I think the different sides of this conversation are a good example of the division on Edutwitter between those who see school primarily as an exam factory& those who see it as a more holistic environment... https://twitter.com/grahamchatterl2/status/1286574325877940226
I think it’s time to be very honest about this. There are two questions it seems to me: the one of curriculum where we ask the question of whether we want every subject to be taught as series of facts to which children have to memorise ‘the answers’...
I would argue that in the arts& humanities this is problematic. The other question is, do we want an attitude that children should be conditioned to unquestioningly obey adults by being harshly punished until they do. This is maybe the more complex question..
In the 1950s, this was the way schools worked. They were in general orderly places. But if children were being abused in any way, they just had to deal with it, no one would listen to them. If that abuser was a teacher, they generally got away with it...
The other point is that while in the 1950s schools were pretty grey places, outside school hours children engaged with each other in independent play in streets, wooded areas etc around where they lived. This doesn’t happen anymore.
So the evidence suggests that modern children’s lives are actually far more constricted by the exam factory school than 1950s children, an issue that is seldom recognised. I think because ‘school’ has filled the frame...
I think instead we need to discuss ‘childhood’ and what part ‘school’ plays in this, remembering that except for the highly privileged, 300 years ago, the answer to this would be ‘none’. This won’t work today because all children do need schooling...

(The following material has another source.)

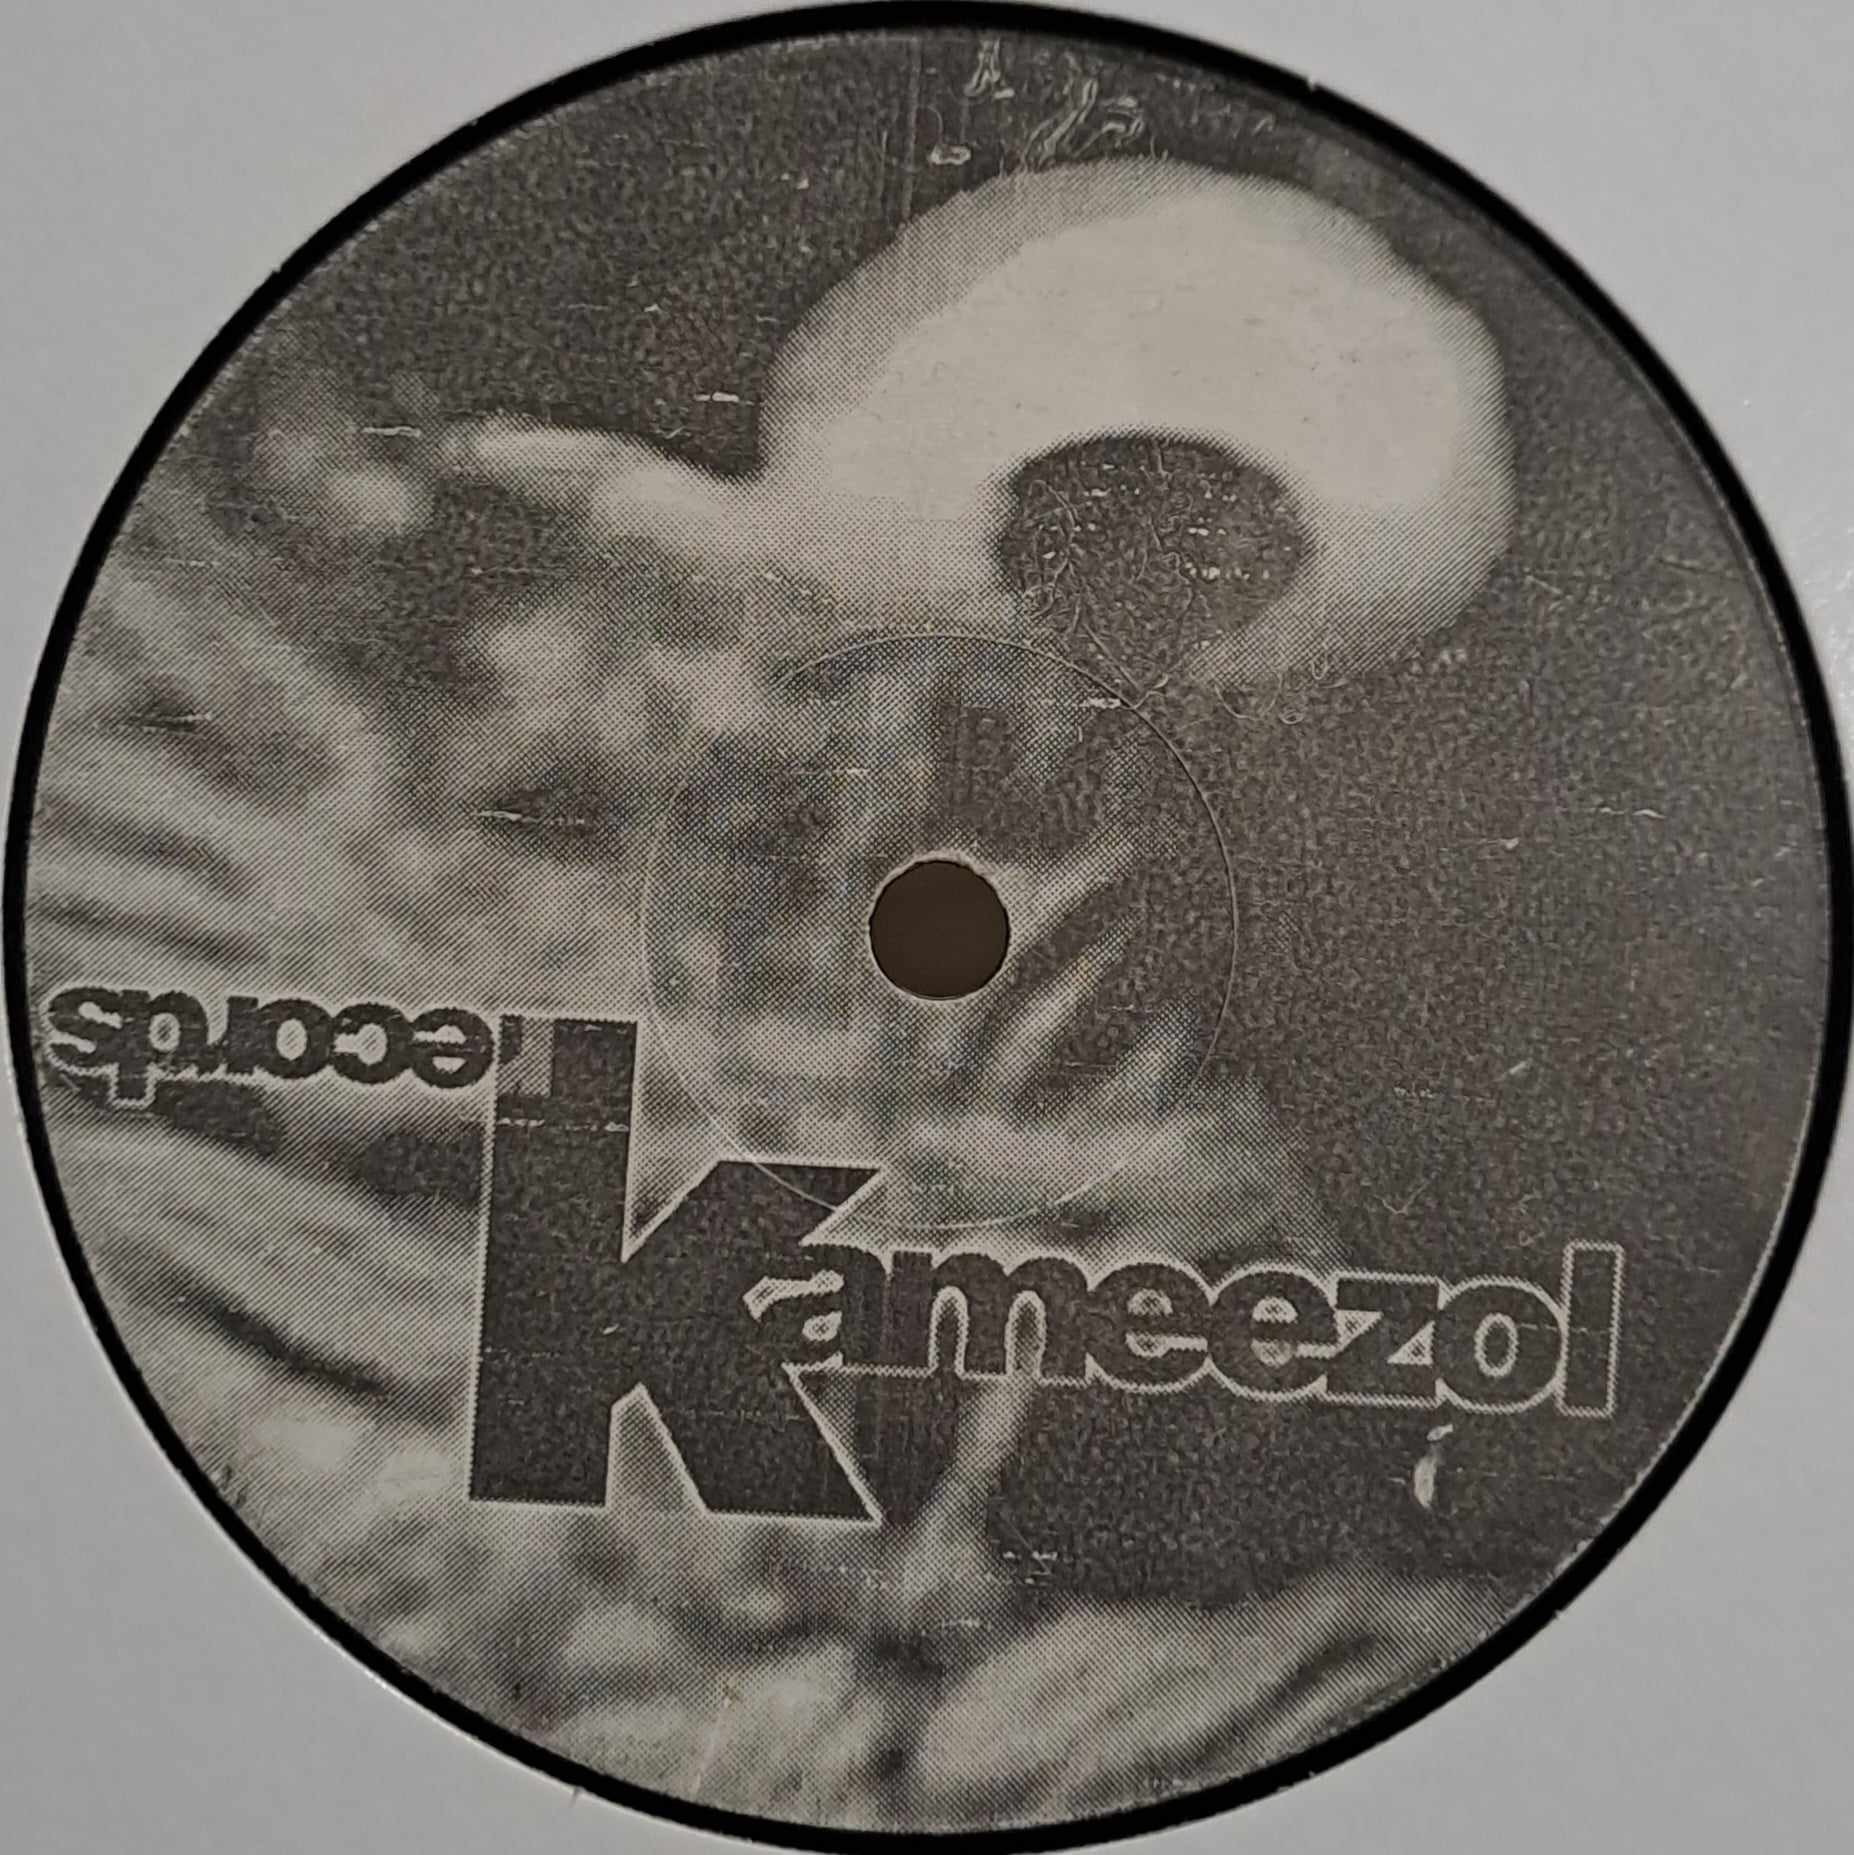 Kameezol Records 01 - vinyle hardcore
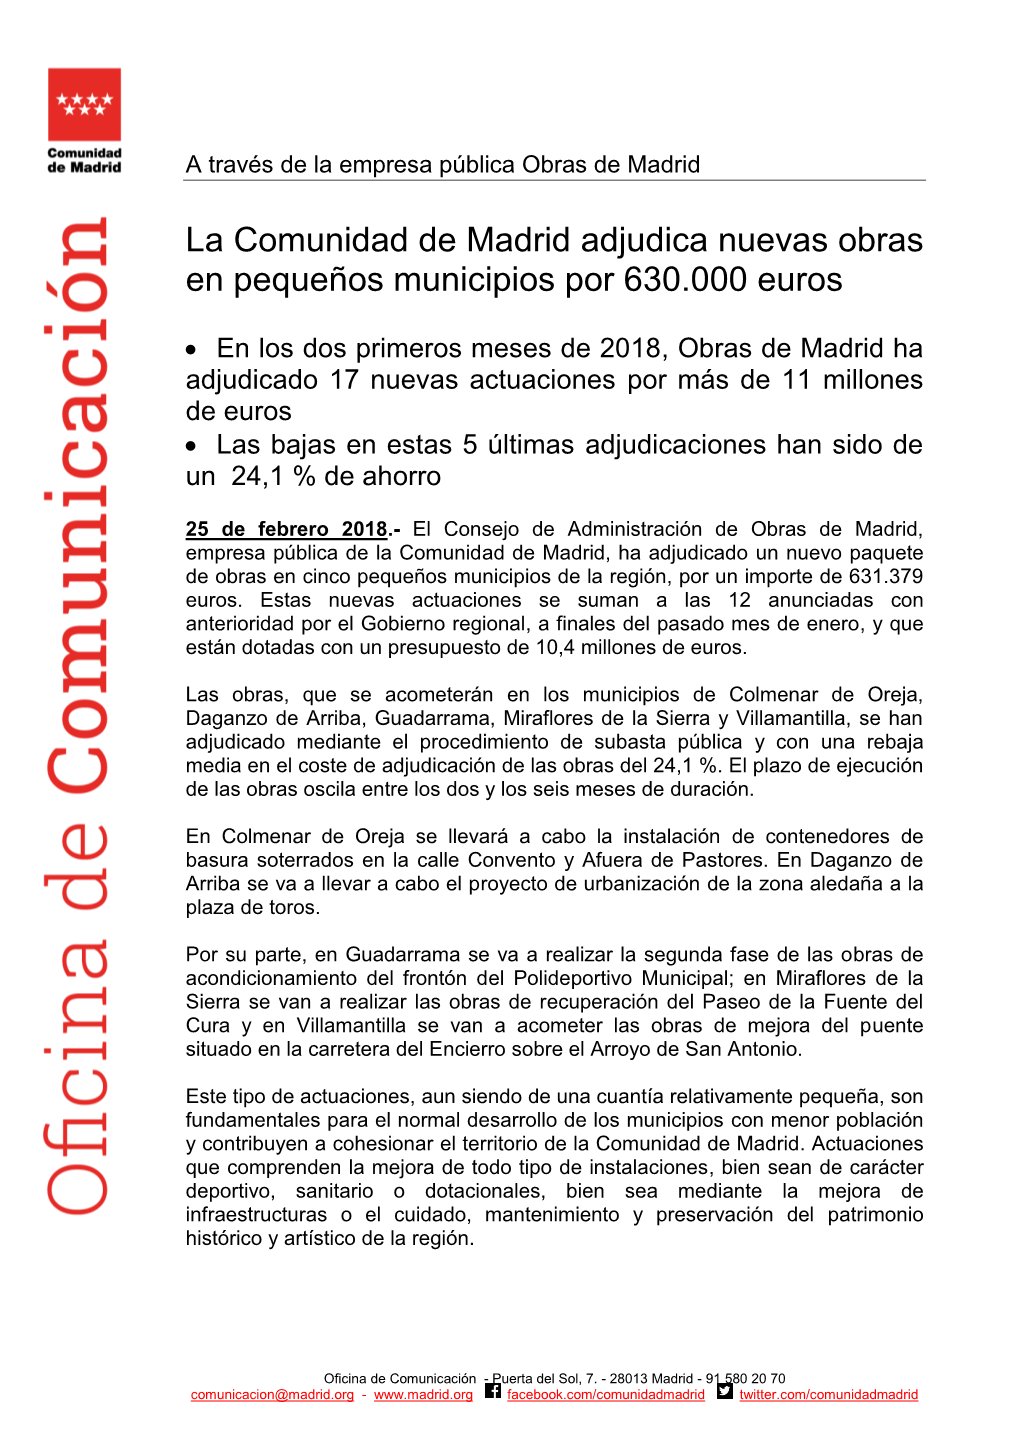 La Comunidad De Madrid Adjudica Nuevas Obras En Pequeños Municipios Por 630.000 Euros

...to exist in a post industrial, technological society. The question is, what part schools schooling play, what do we want them to learn for a future in which they will need a highly fluid, problem solving approach (& play at all ages helps with this)...
...because it is an arena in which they have to think ‘in the moment’, to stay in the game, to make original responses to other people in a fast-changing situation, to learn to decipher primate signalling like facial expression and ‘body language’...
Having thought about this, we then go back to considering services for children and families for the 21st century, with school- and teachers-as an important piece of a much larger jigsaw.